Is there anything else I could try or look for? Could this be a faulty HDMI port? Any help or guidance is much appreciated.


----------



## kpeters59 (Jun 19, 2007)

Maybe SAP got switched on and there's not any _actual_ Secondary Audio available for that channel?

-KP


----------



## XIBM (Mar 9, 2013)

Did you try a different HDMI cable? From your description optical out is working...


----------



## KevTech (Apr 15, 2014)

Roddly said:


> no menu sounds in Dolby Digital


System sounds do not work when using Dolby.

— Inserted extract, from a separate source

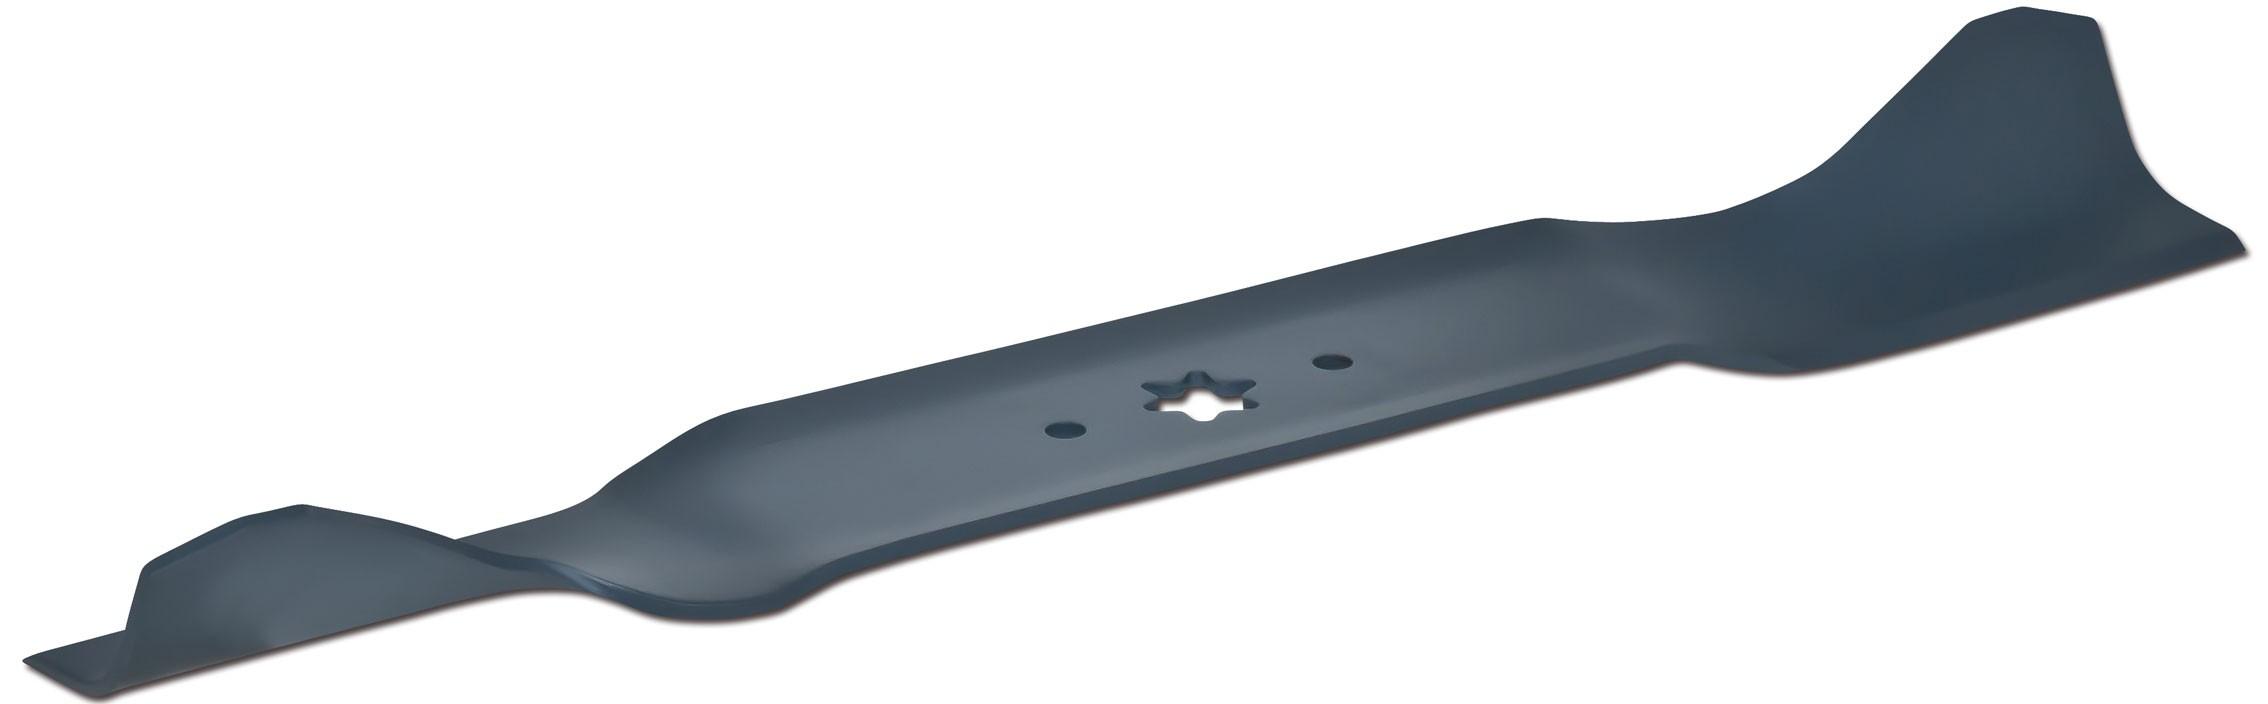 MTD Messer Set für Rasentraktor Highlift 96cm Bild 1

Tivo Customer Support Community


----------



## Roddly (May 27, 2010)

Thank you all. It is working now.

I eventually tried using the bolt on another tv, and the sound came through fine. I assumed the problem must be with the original TV or a setting on it. I connected it back though and it continued to work fine without me touching anything, so I’m not sure what the problem was.


----------



## XIBM (Mar 9, 2013)

I have had my LG OLED drop a sound channel, probably center, on a ESPN football recording where I could hear background noise but not the announcers. Cycling the TV fixed it so I think the HDMI link handshake had something to do with it. I am HDMI TIVO to TV, optical to Audio Amp.


----------